1. Create Proxy Configuration
# Write configuration to /etc/nginx/server_common_conf/myapp_proxy.conf
sudo tee /etc/nginx/server_common_conf/myapp_proxy.conf > /dev/null <<'EOF'
location /myapp/ {
proxy_pass http://127.0.0.1:5000/; # Note the trailing slash
proxy_set_header Host $host;
proxy_set_header X-Real-IP $remote_addr;
proxy_set_header X-Forwarded-For $proxy_add_x_forwarded_for;
proxy_set_header X-Forwarded-Proto $scheme;
}
EOF
2. Reload Nginx
sudo nginx -t && sudo systemctl reload nginx
Access: https:///myapp/ (Note: use HTTPS)
| Command | Purpose |
|---|---|
| sudo nginx -t | Preferred, check all configuration file syntax |
| sudo systemctl status nginx | View Nginx service running status |
| ss -tlnp | grep nginx |
| tail -50 /var/log/nginx/error.log | View recent error logs |
| tail -f /var/log/nginx_config_fixes.log | View system auto-fix logs |
| Issue | Possible Causes & Solutions |
|---|---|
| Configuration not taking effect | Forgot to reload: sudo systemctl reload nginx |
| 502 Bad Gateway | Backend service not running or incorrect port. Check backend service. |
| Location proxy 404 | Path configuration error or using HTTP. Must use HTTPS. |
| Port inaccessible | Port conflict or not listening. Check with ss -tlnp. |
| Configuration rolled back | Severe syntax error. Check /var/log/nginx_config_fixes.log. |
If configuration causes Nginx to fail to start, follow these steps to restore to system default configuration.
sudo systemctl stop nginx
# Remove custom symlinks and proxy configurations
sudo rm -f /etc/nginx/sites-enabled/my_static_site
sudo rm -f /etc/nginx/server_common_conf/myapp_proxy.conf
# Re-link default service
sudo ln -s /etc/nginx/sites-available/rosp_web /etc/nginx/sites-enabled/
sudo nginx -t && sudo systemctl start nginx
# ... above or below proxy_pass and other directives
proxy_http_version 1.1;
proxy_set_header Upgrade $http_upgrade;
proxy_set_header Connection "upgrade";
Proxy to Grafana container (port 3000) and map to /monitoring/ path.
location /monitoring/ {
# rewrite directive removes /monitoring/ prefix from URL
rewrite ^/monitoring/(.*) /$1 break;
proxy_pass http://127.0.0.1:3000;
# ... other proxy_set_header directives ...
}
Note: Some applications (like Grafana) require their own root_url configuration to support subpath access.
Protect path /admin/, requiring username and password for access.

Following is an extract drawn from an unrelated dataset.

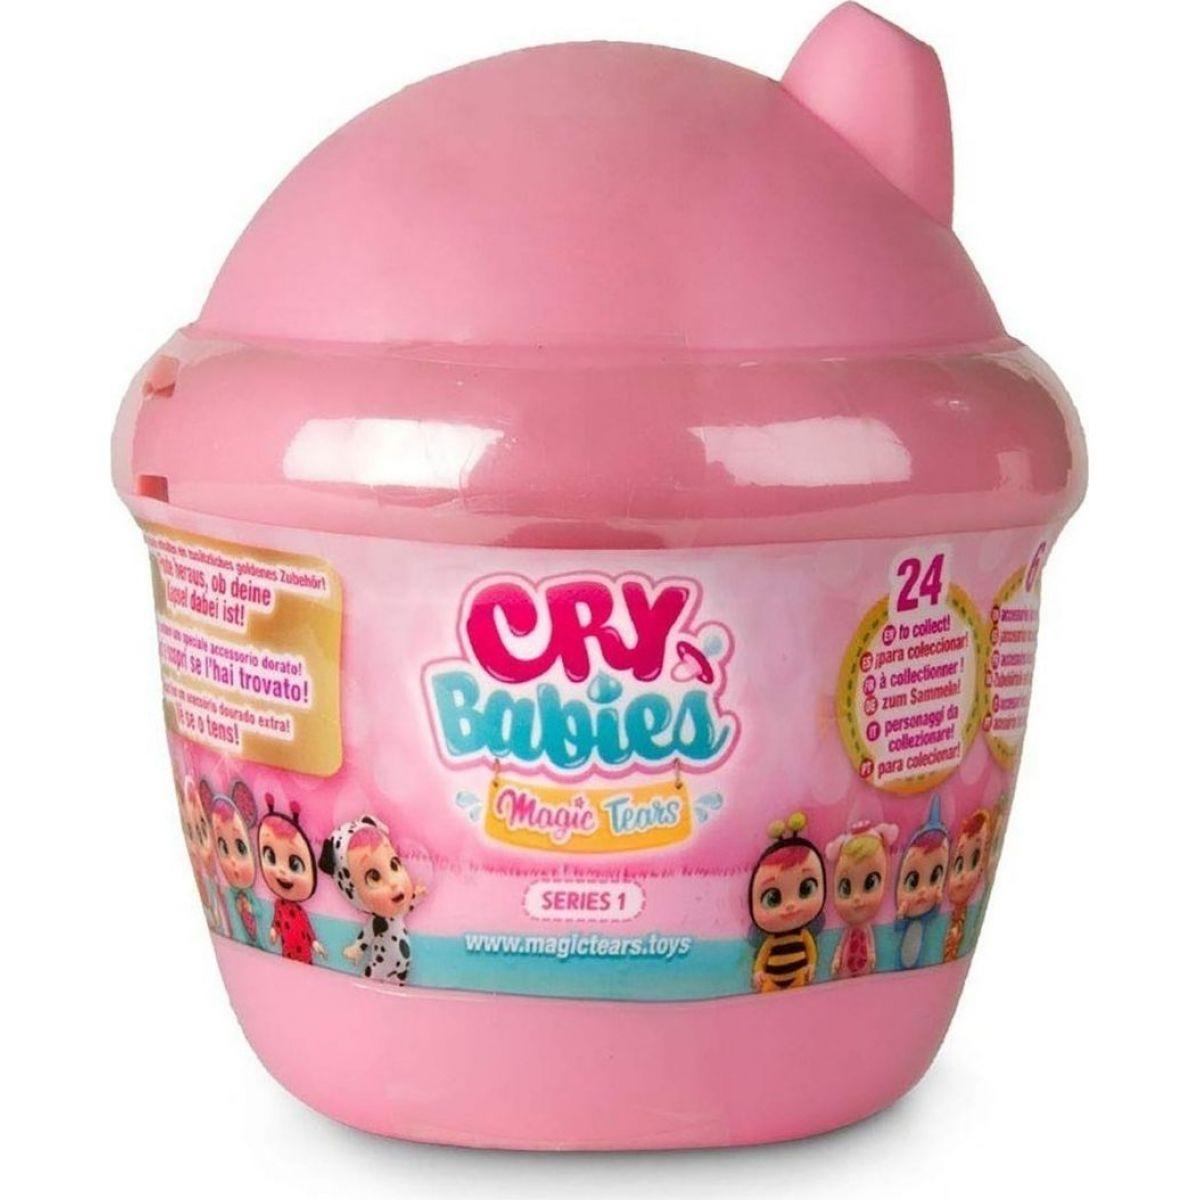 Cry Babies magické slzy série 3 svetloružová

1. Install Tools and Create Password
sudo apt-get update && sudo apt-get install -y apache2-utils
sudo htpasswd -c /etc/nginx/auth.htpasswd admin
# Enter password when prompted
2. Add Authentication in Location Configuration
location /admin/ {
auth_basic "Restricted Area";
auth_basic_user_file /etc/nginx/auth.htpasswd;
# ... proxy_pass and other directives ...
}
Nginx Official Documentation: https://nginx.org/en/docs/
Configuration File Naming: Recommend using descriptive names, such as monitoring_dashboard, rather than app1.
File Permissions: Configuration files (.conf) recommended 644, Web directories recommended 755, Web files recommended 644.